Pull every line that includes the word "total" from the data.

▸ EXERCISE DATA
◆ ◆ ◆
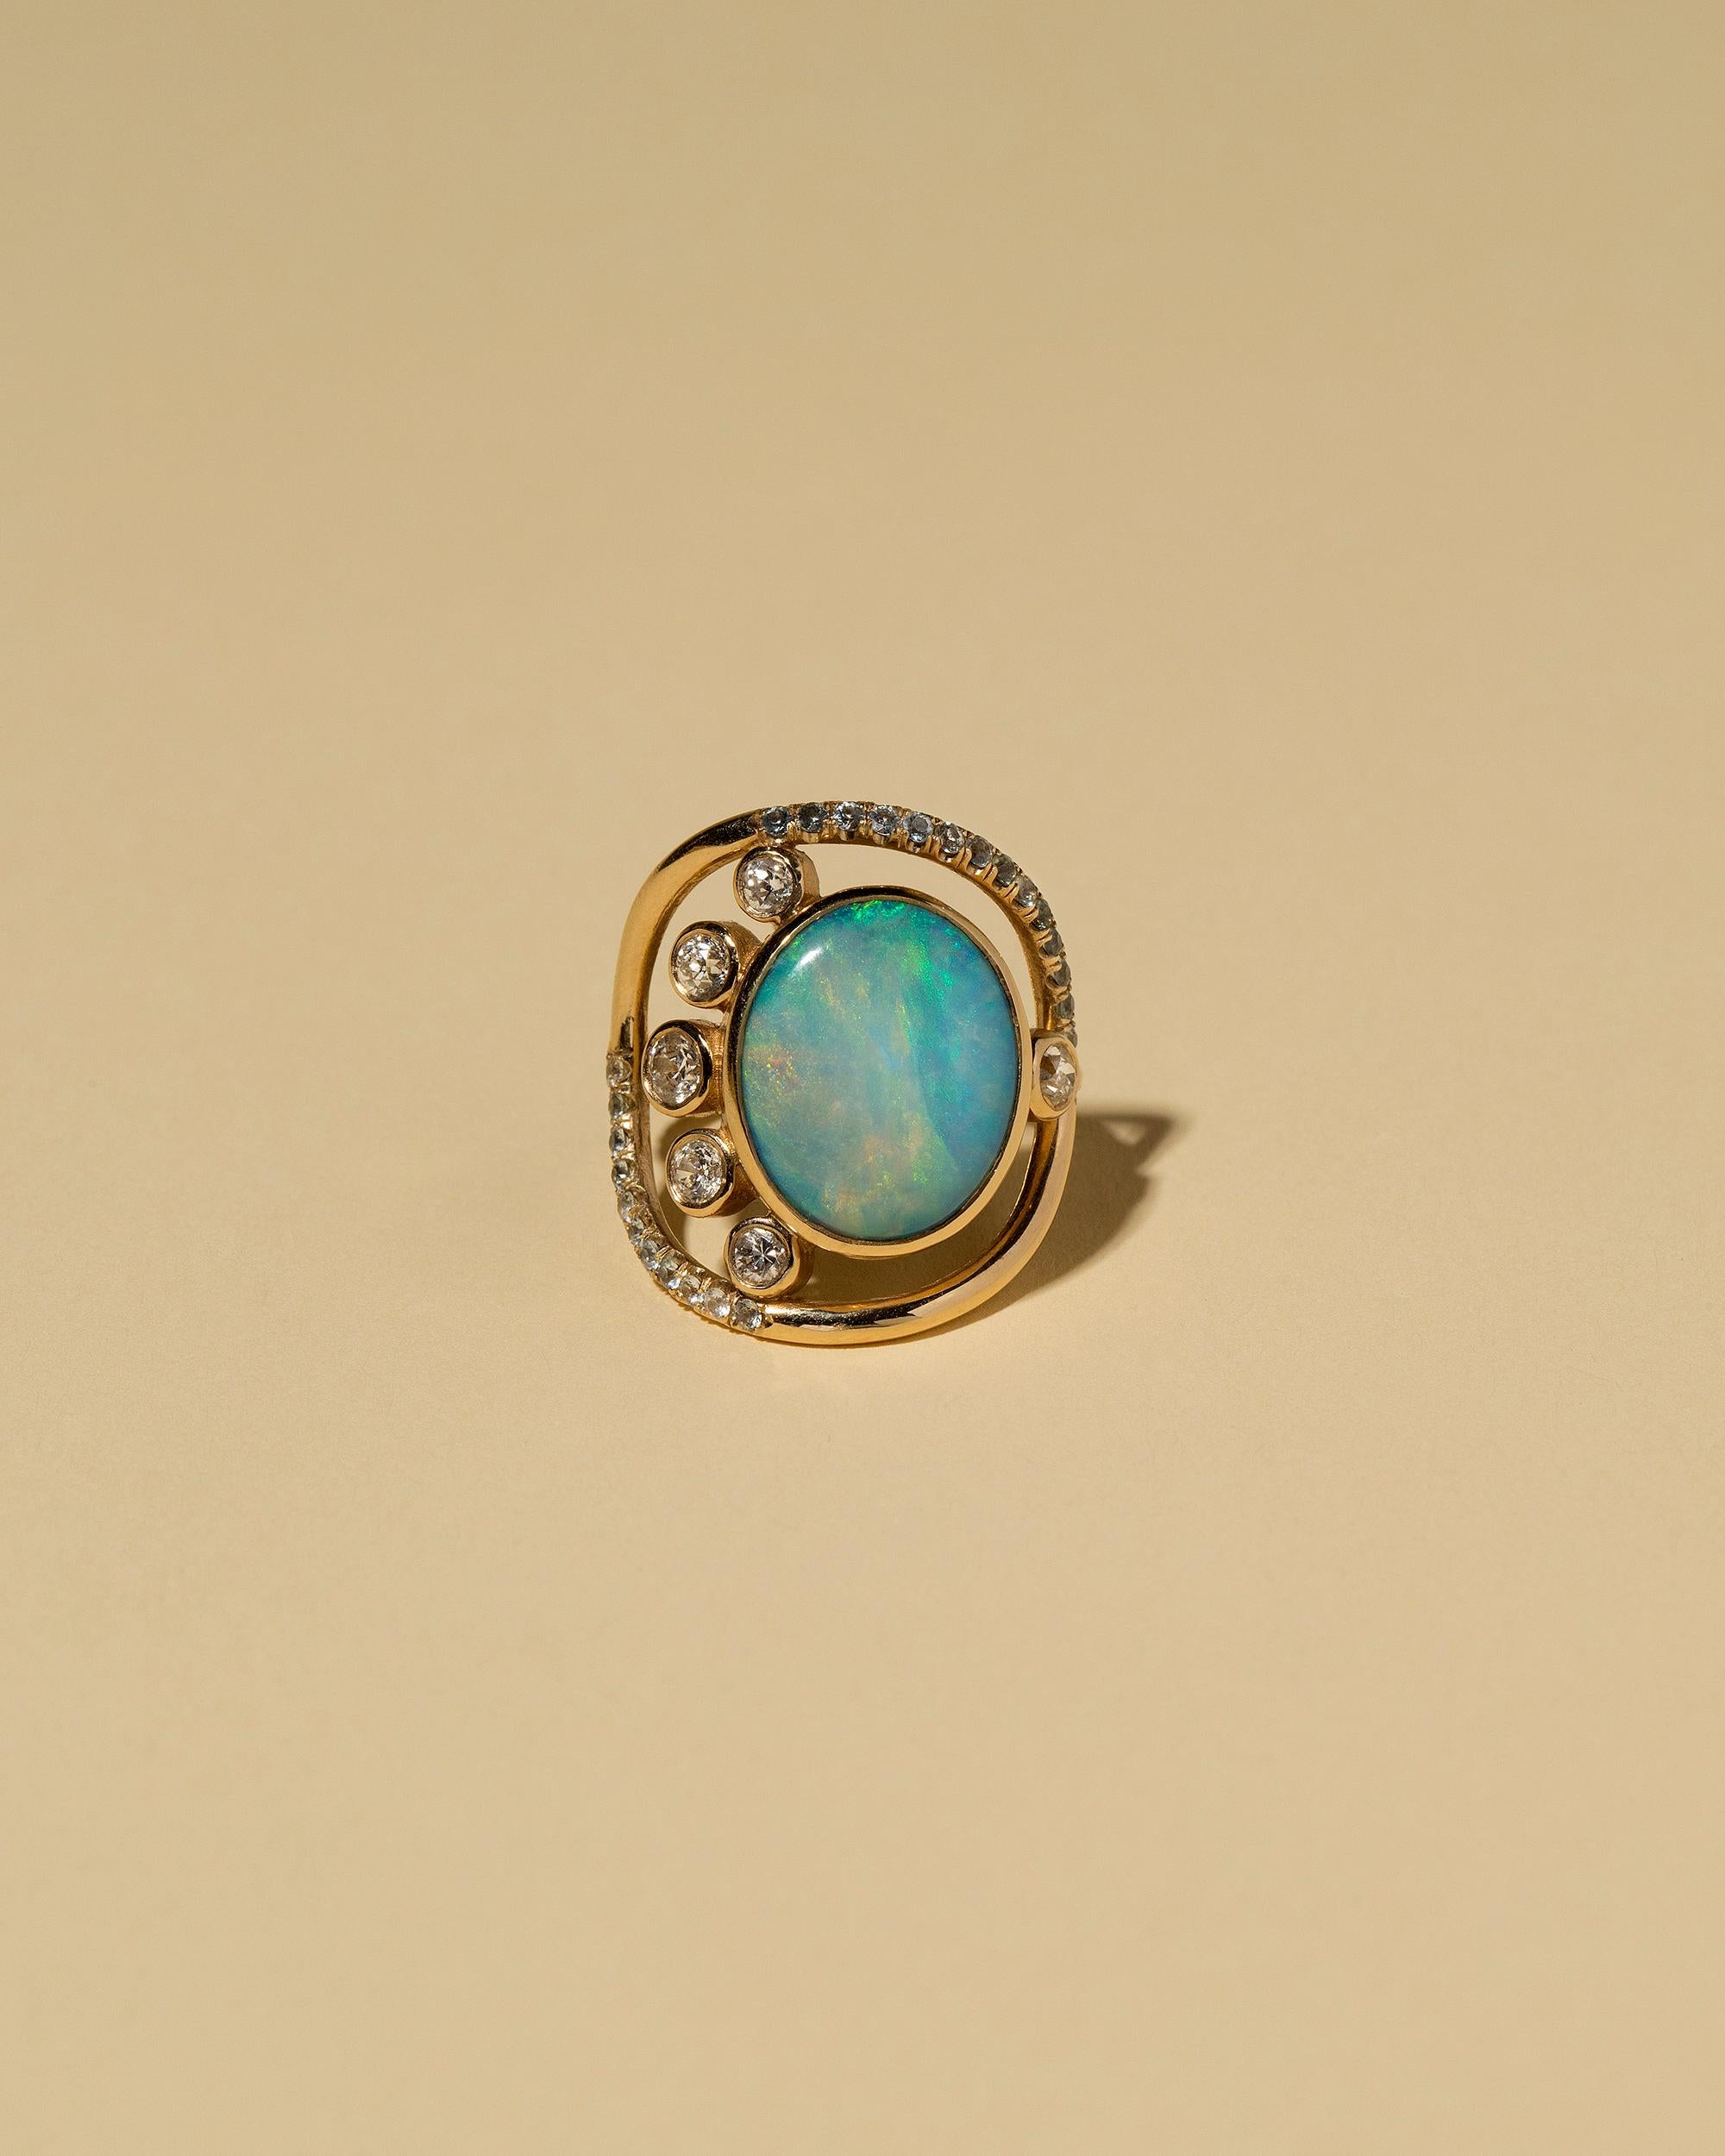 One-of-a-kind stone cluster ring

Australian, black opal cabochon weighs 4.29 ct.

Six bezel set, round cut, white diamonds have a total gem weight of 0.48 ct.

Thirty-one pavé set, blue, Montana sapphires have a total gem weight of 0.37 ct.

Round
◆ ◆ ◆
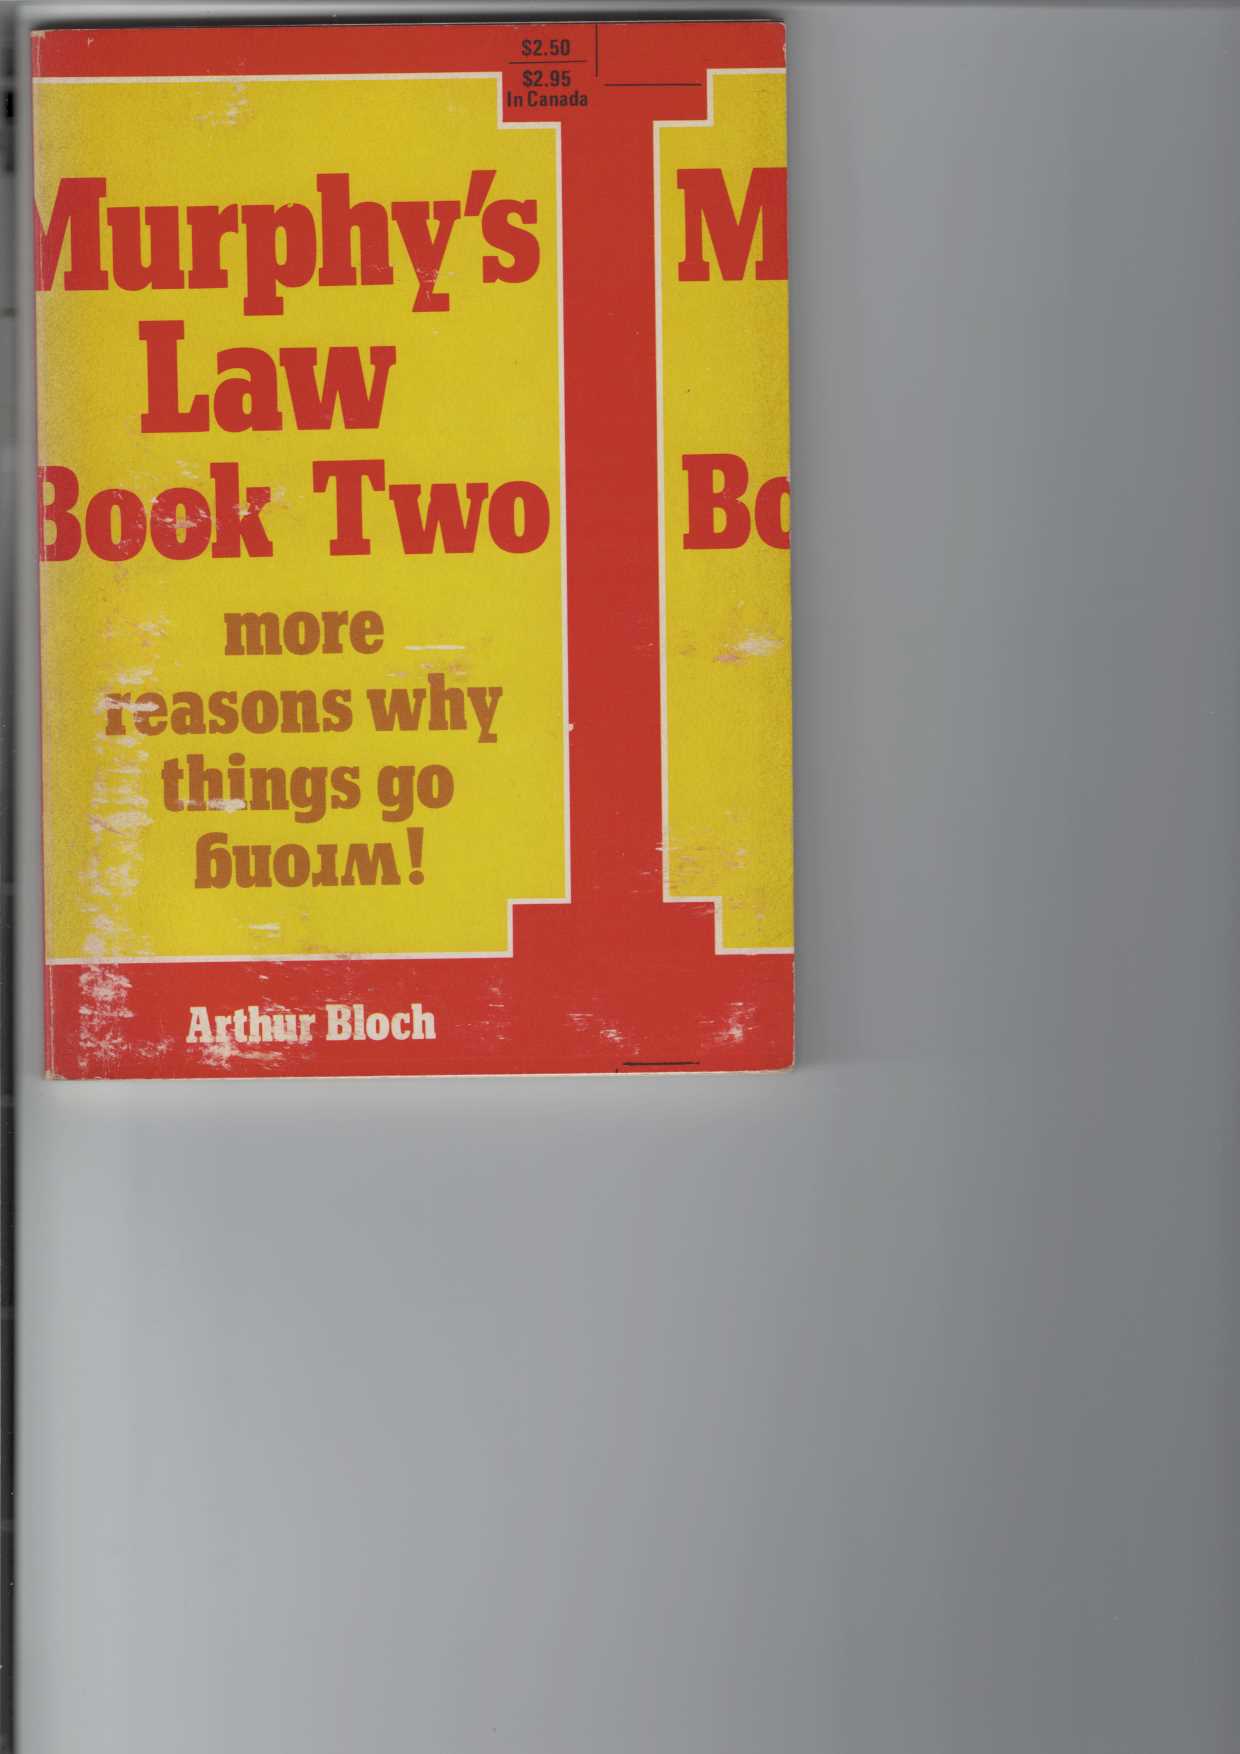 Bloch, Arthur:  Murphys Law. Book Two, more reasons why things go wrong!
◆ ◆ ◆
▸ SOLUTION FOR THIS TASK
Six bezel set, round cut, white diamonds have a total gem weight of 0.48 ct.
Thirty-one pavé set, blue, Montana sapphires have a total gem weight of 0.37 ct.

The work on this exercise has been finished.